[Start of Attachment]

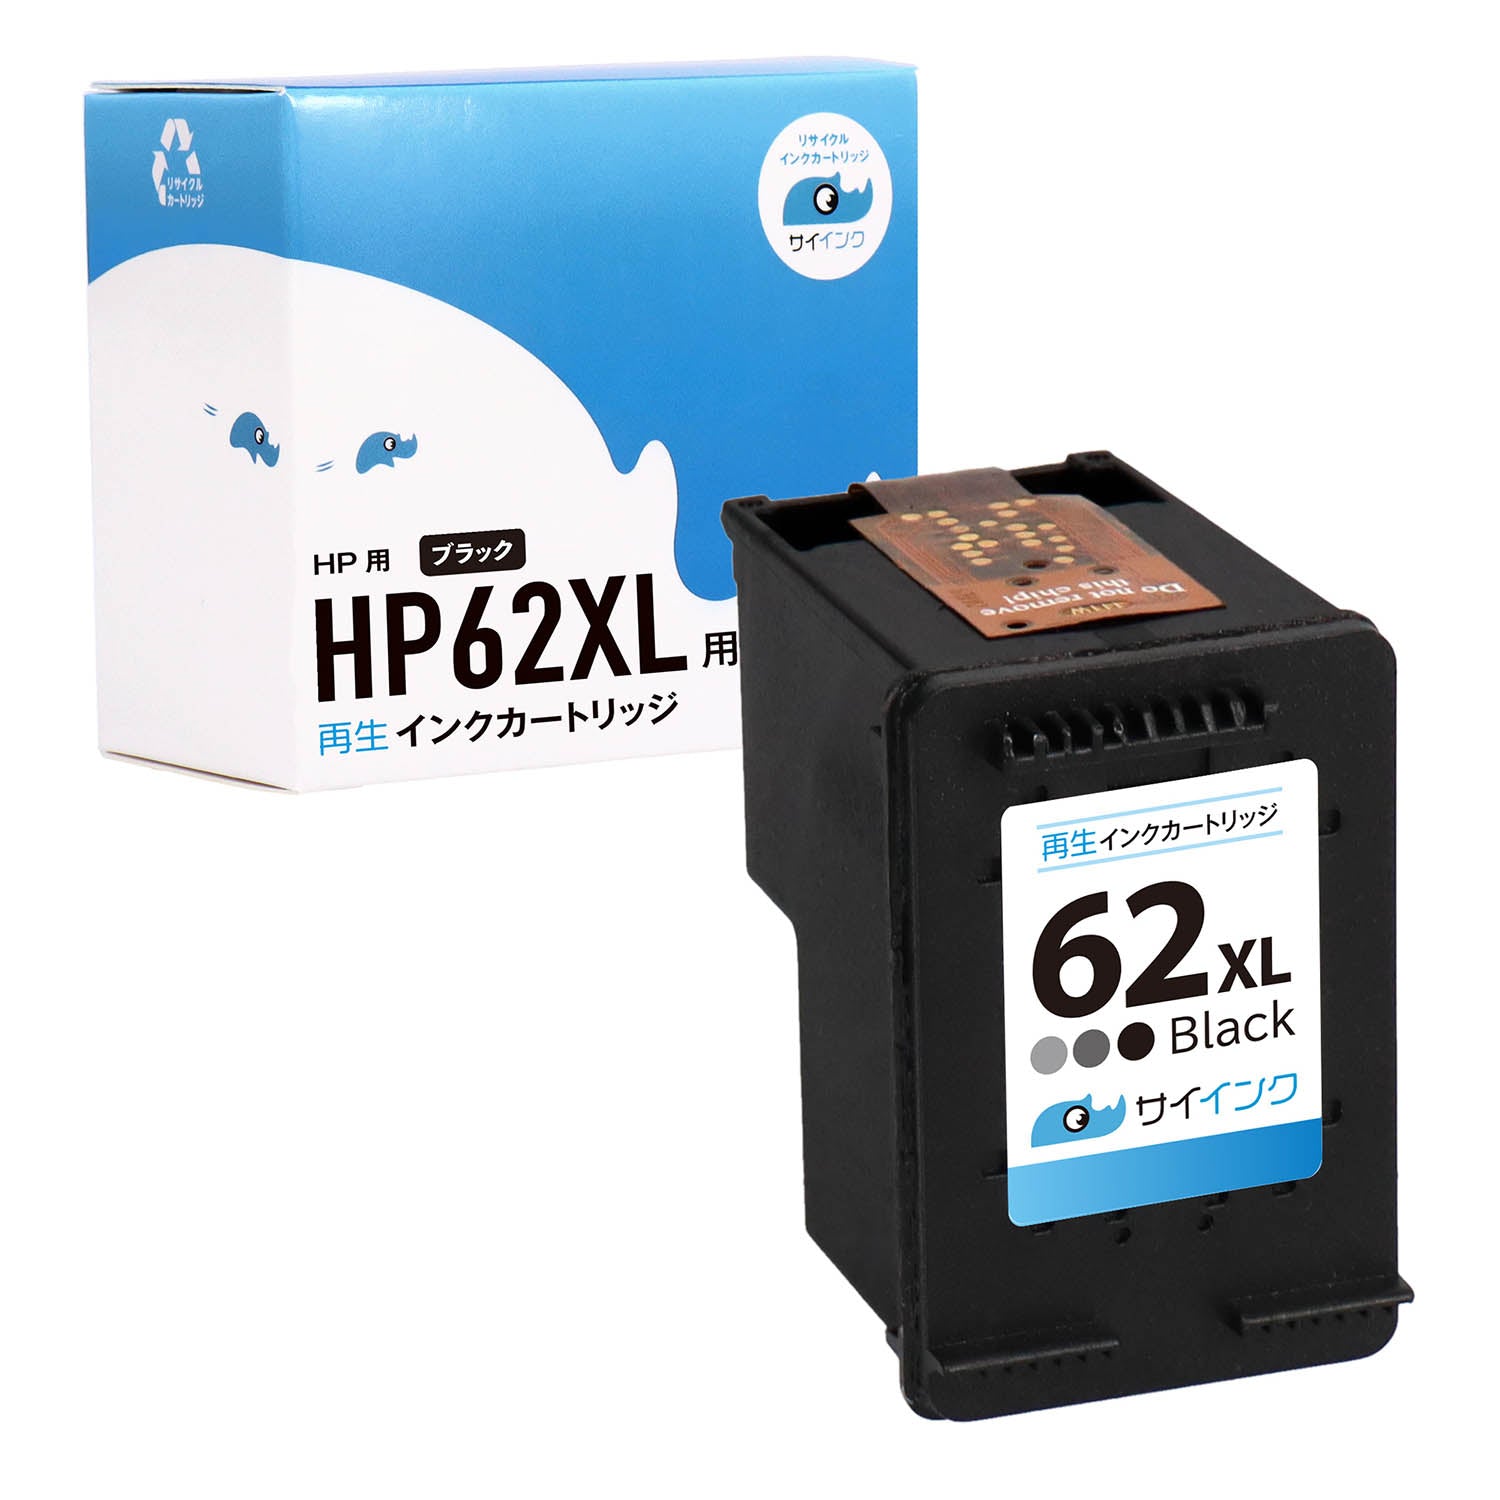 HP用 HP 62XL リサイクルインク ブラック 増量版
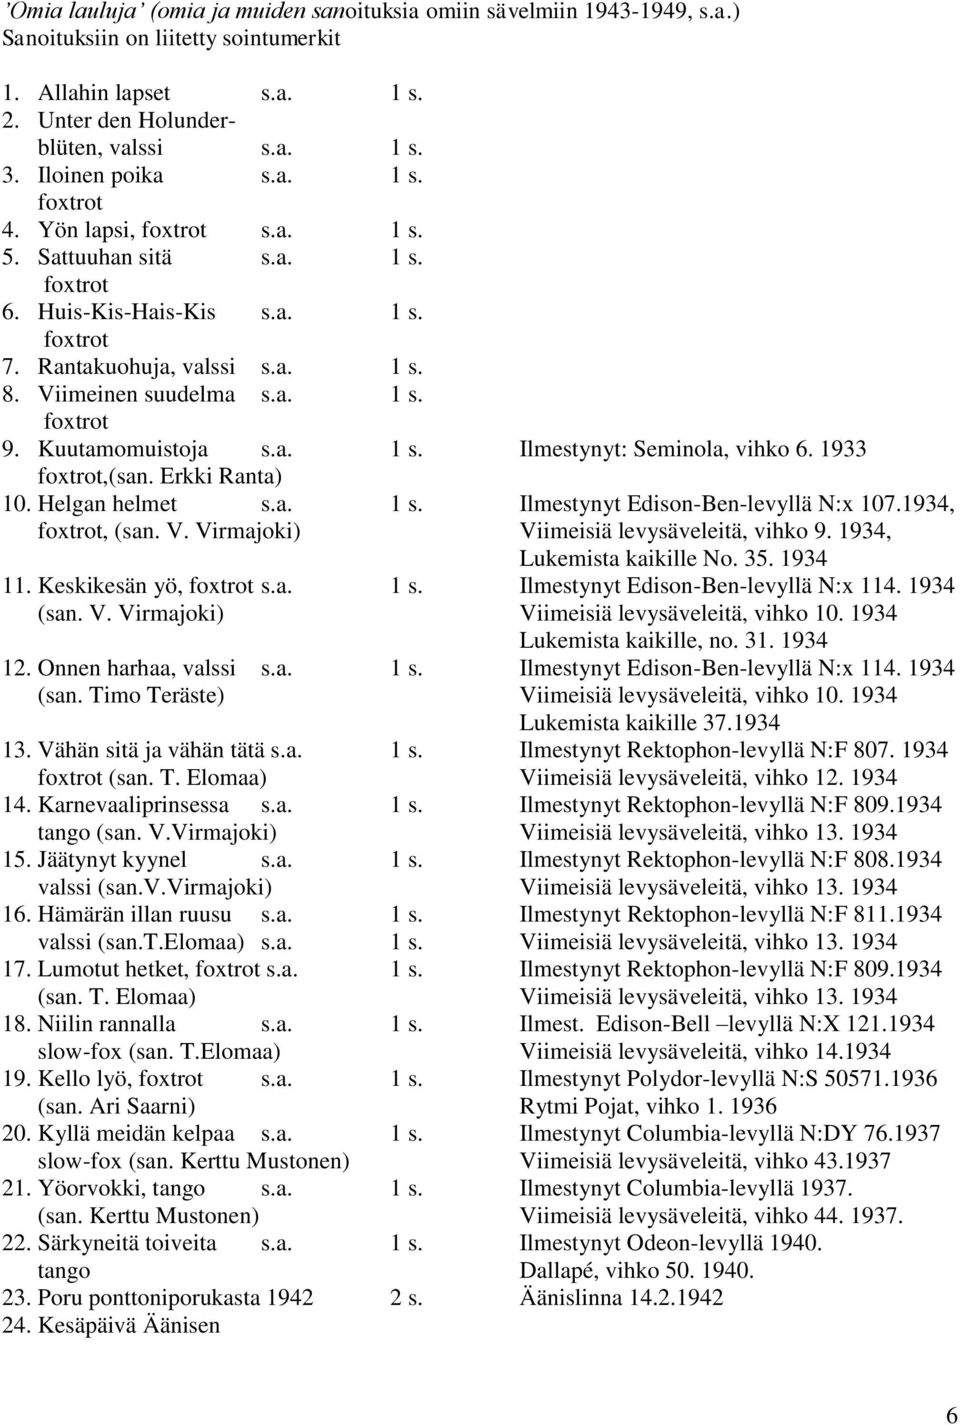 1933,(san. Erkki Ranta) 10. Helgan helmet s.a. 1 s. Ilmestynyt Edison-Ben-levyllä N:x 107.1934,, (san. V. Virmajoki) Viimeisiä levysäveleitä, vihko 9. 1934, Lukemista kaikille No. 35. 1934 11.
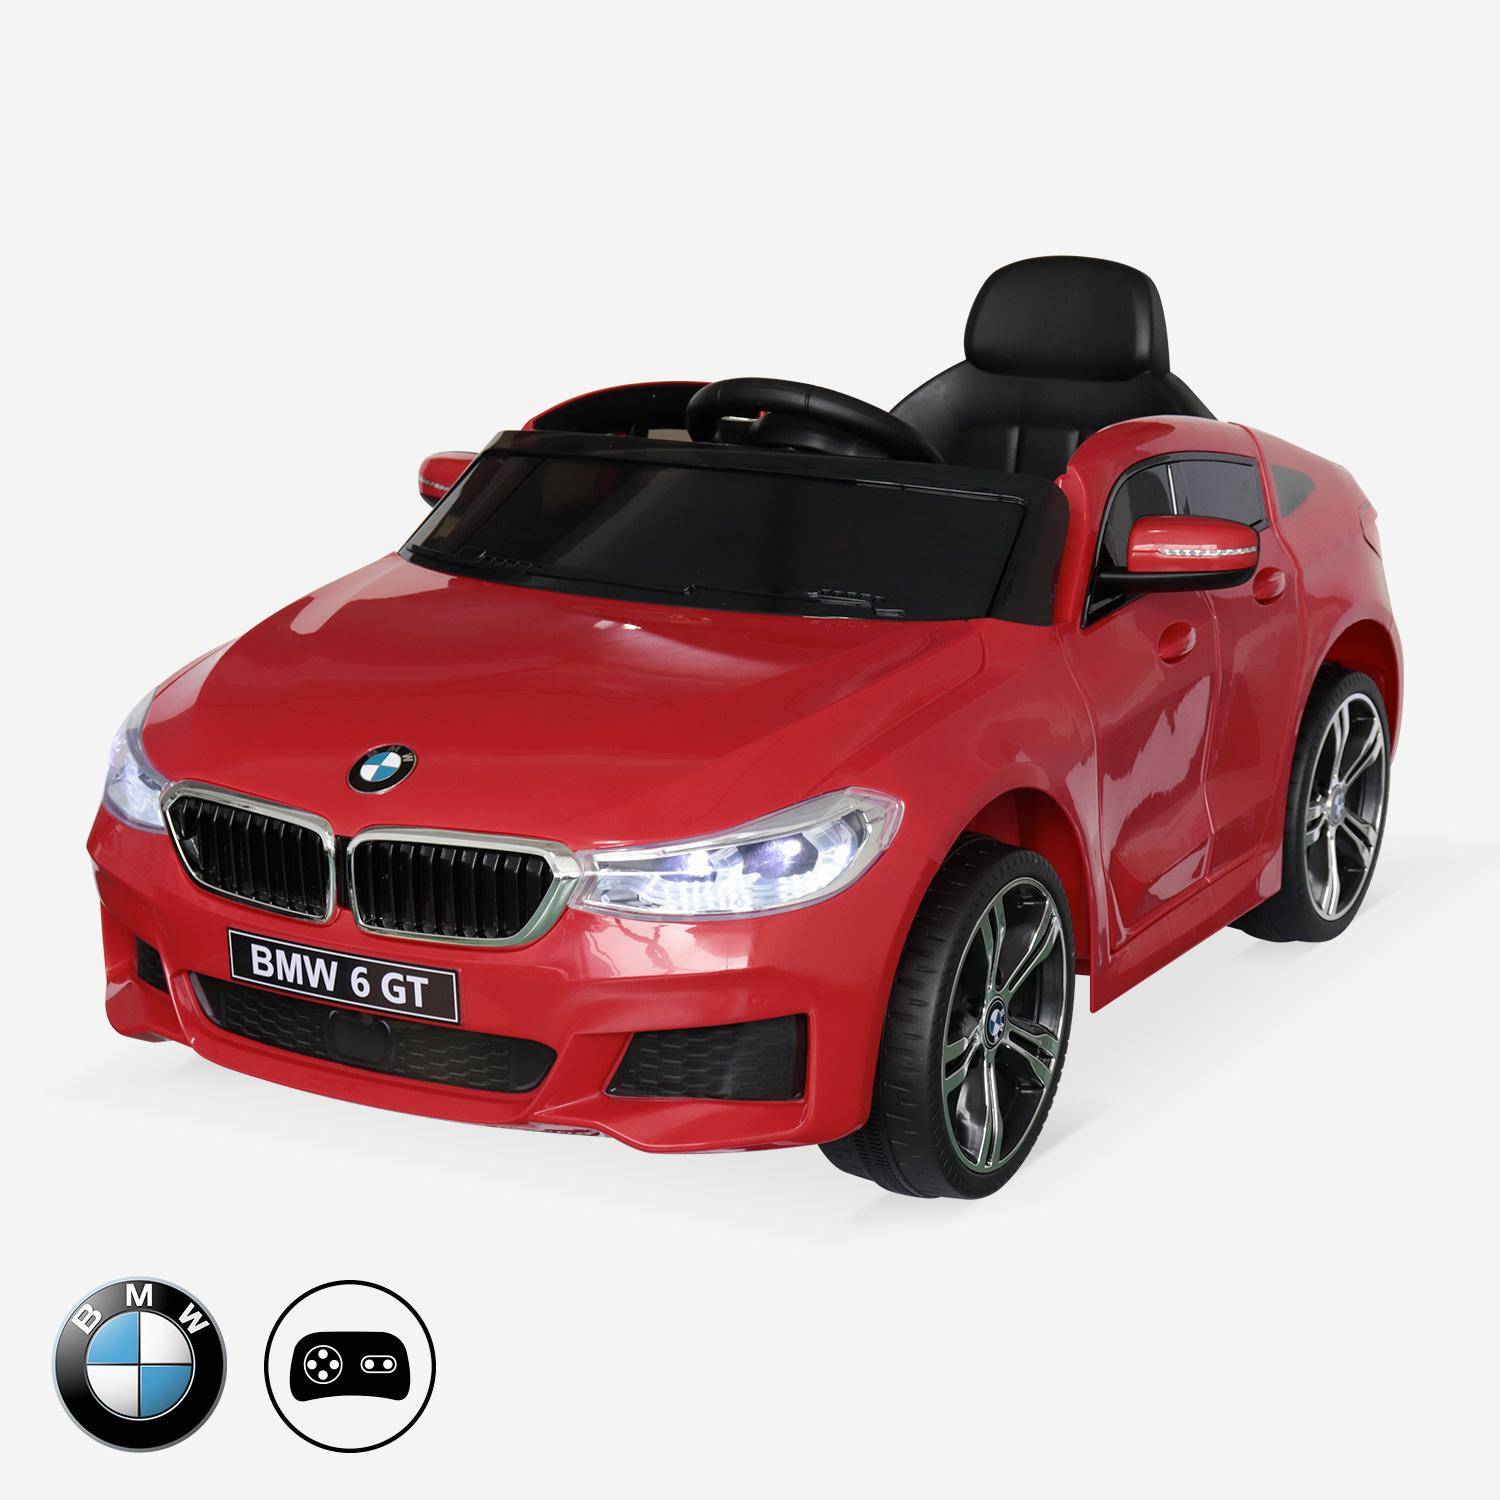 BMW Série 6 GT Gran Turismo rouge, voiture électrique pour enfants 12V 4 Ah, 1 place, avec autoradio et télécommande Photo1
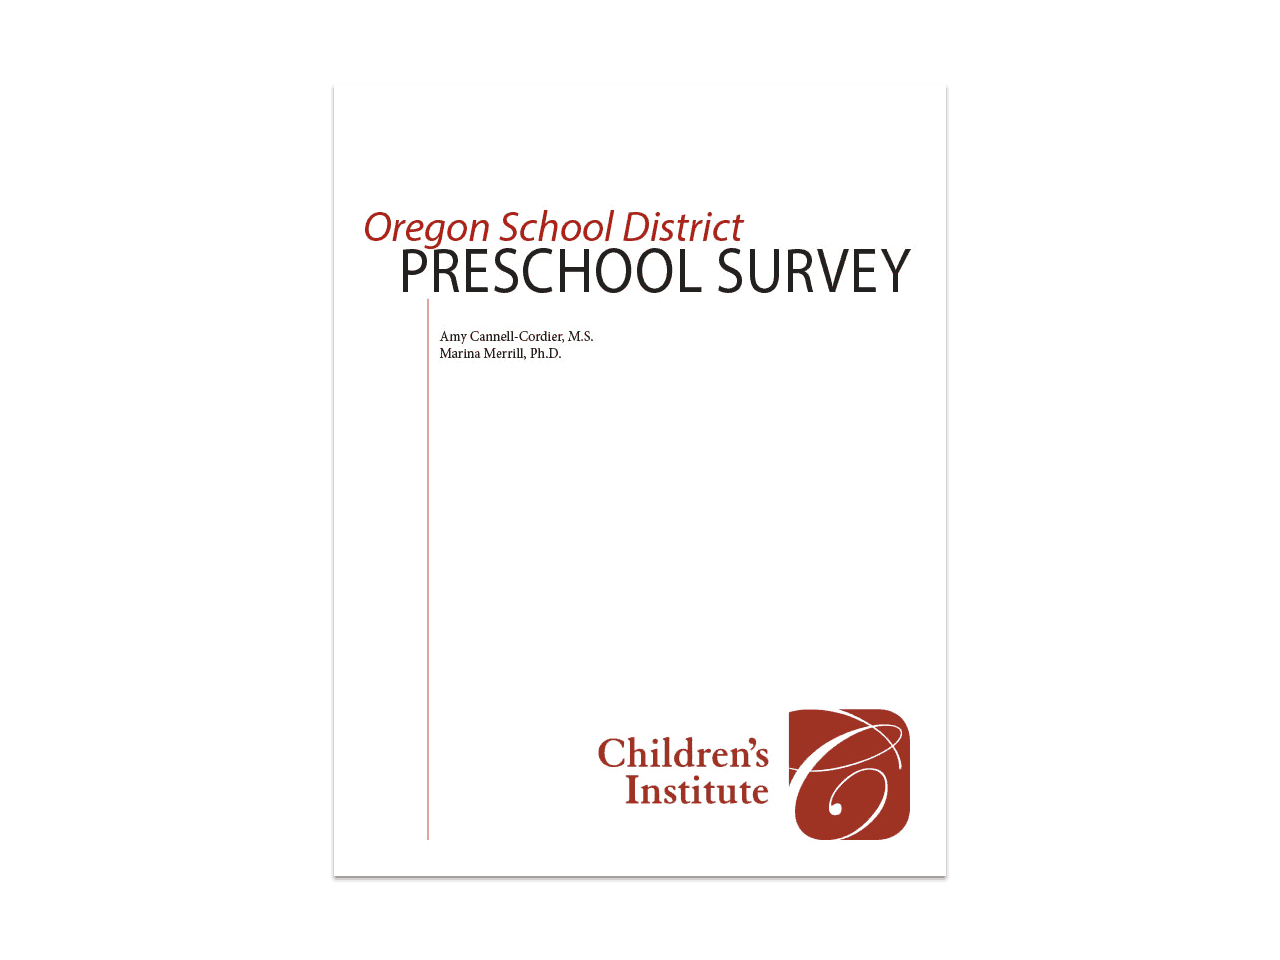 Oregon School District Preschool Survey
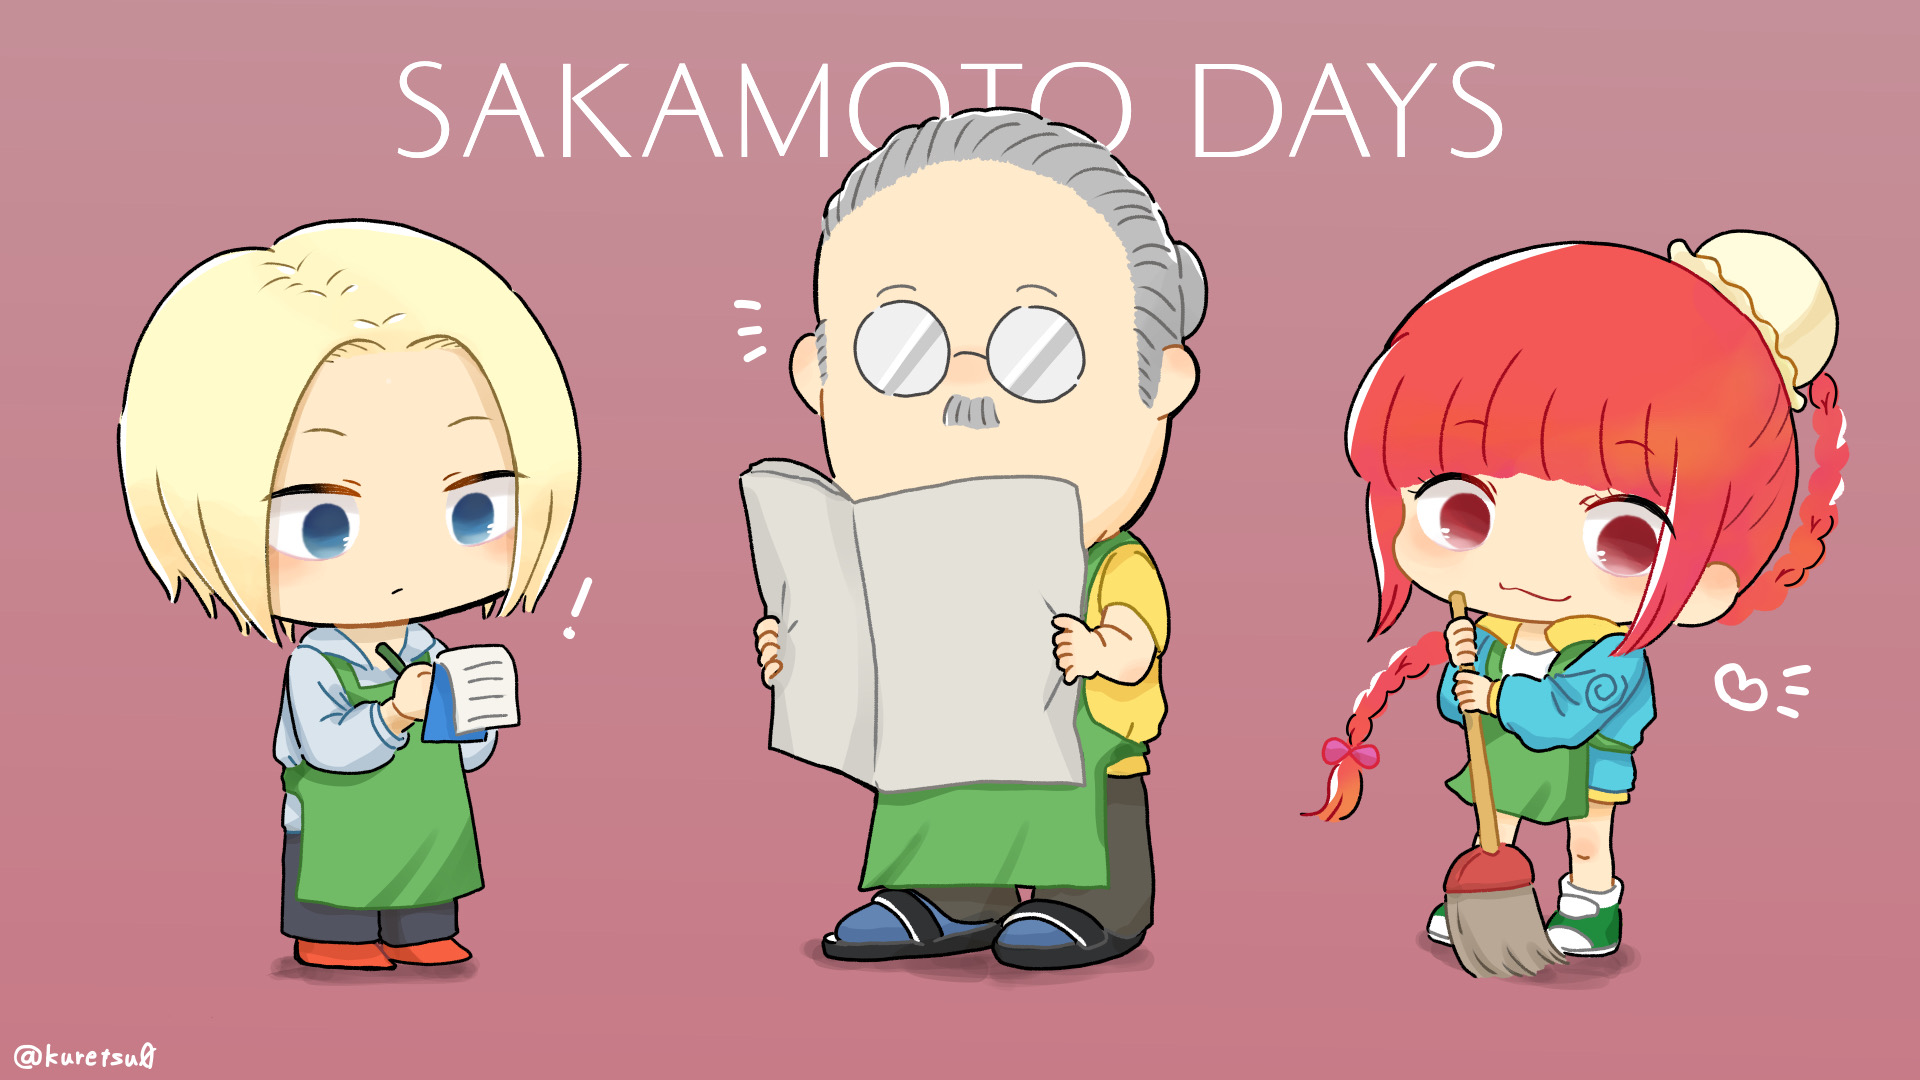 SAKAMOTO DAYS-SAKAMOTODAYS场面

[End of Attachment]

**Description of the task**
Would you set down each line of the data exactly, with no images included?

**Written response**
 HP用 HP 62XL リサイクルインク ブラック 増量版
 1933,(san. Erkki Ranta) 10. Helgan helmet s.a. 1 s. Ilmestynyt Edison-Ben-levyllä N:x 107.1934,, (san. V. Virmajoki) Viimeisiä levysäveleitä, vihko 9. 1934, Lukemista kaikille No. 35. 1934 11.
 BMW Série 6 GT Gran Turismo rouge, voiture électrique pour enfants 12V 4 Ah, 1 place, avec autoradio et télécommande Photo1
 Oregon School District Preschool Survey
 SAKAMOTO DAYS-SAKAMOTODAYS场面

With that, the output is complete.